Menurut Mahfud, KPK tidak perlu mendapatkan izin dari Presiden. Bahkan, lembaga anti rasuah tersebut bisa melakukan penjemputan paksa.
"Kalau sudah tersangka, untuk dipanggil KPK tidak perlu persetujuan presiden, bisa dijemput paksa juga," kata Mahfud di Kompleks Kepatihan, Yogyakarta, Selasa (7/11/2017).
Dijelaskan, merujuk pada Undang-Undang (UU) Nomor 17 Tahun 2014 tentang MPR, DPR, DPD, dan DPRD (MD3) Pasal 245 ayat 3 butir c menyatakan bahwa untuk kasus pidana khusus, pemeriksaan terhadap anggota DPR tidak perlu izin presiden.
"Tidak harus izin, bisa langsung diambil. Tapi ya tidak sampai ke sana, untuk apa dijemput paksa, biasa aja dateng kok," ujar dia.

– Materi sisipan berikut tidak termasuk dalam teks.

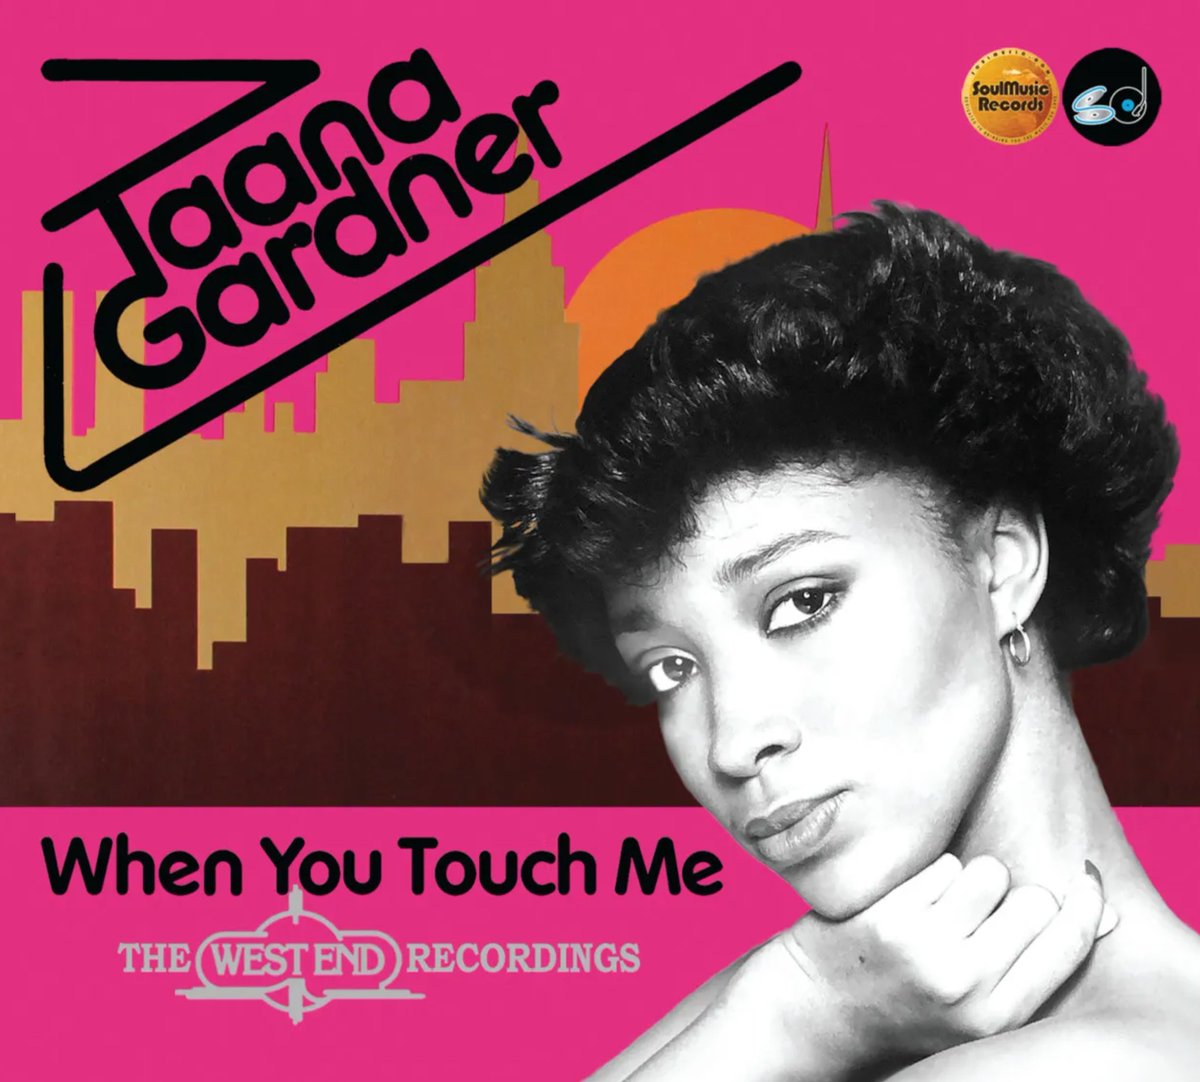 Soul Music Records in association with Second Disc present a 2CD set feat the full-length debut album by disco vocalist Taana Gardner in its original form. It includes her single releases for West End Records released between 1981 and 2006. 👉 cherryred.co/TaanaGardner

Mahfud menilai, saat Setya Novanto menang praperadilan, pada dasarnya memang sangat memungkinkan untuk ditersangkakan kembali karena saat itu dua alat bukti sudah mencukupi.

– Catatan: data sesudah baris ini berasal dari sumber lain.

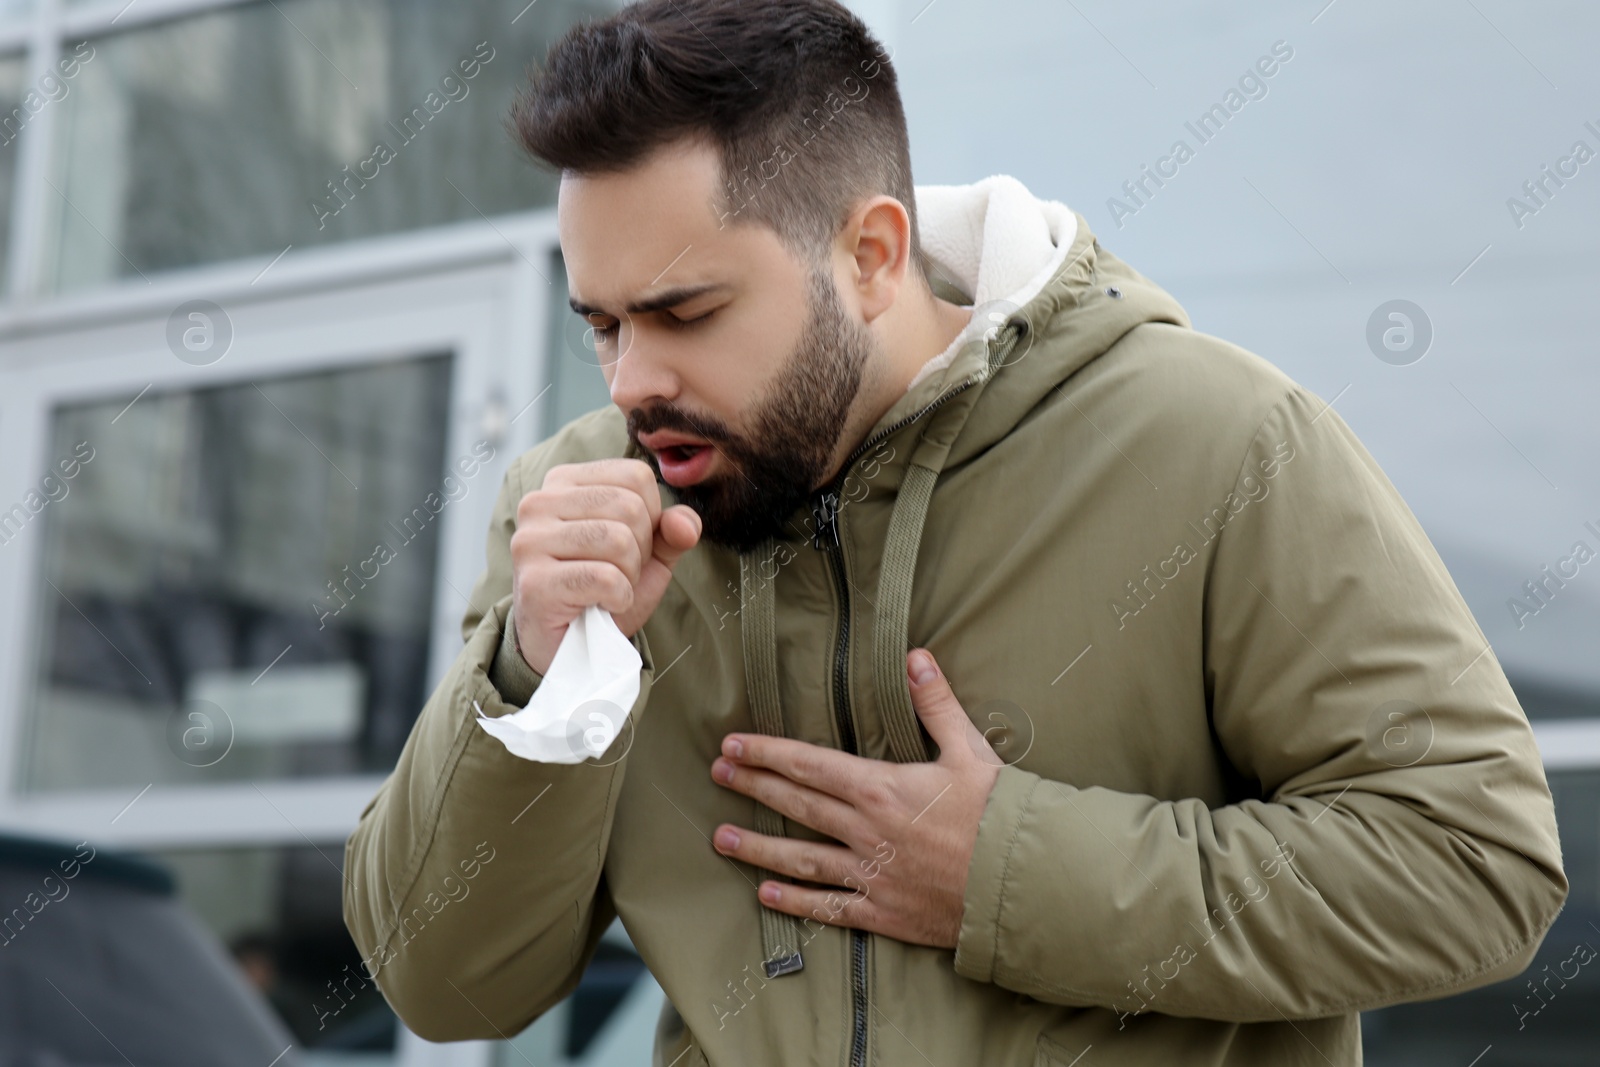 Photo of Sick man with tissue coughing outdoors. Cold symptoms

"Saya sudah bilang begitu dia menang di praperadilan tidak sampe satu jam, saya bilang itu bisa ditersangkakan lagi. Karena dalam logika publik dan logika hukum yang saya pelajari memang sudah cukup dua alat bukti," jelasnya.
Namun demikian, Mahfud berharap KPK bisa bertindak lebih cepat untuk segera melimpahkan kasus Novanto ke pengadilan. Tujuannya, kata dia, agar tidak dipraperadilankan lagi.
"Kalau soal keberanian saya salut KPK berani artinya tidak takut tekanan dari manapun tekanan politik," papar Mahfud MD.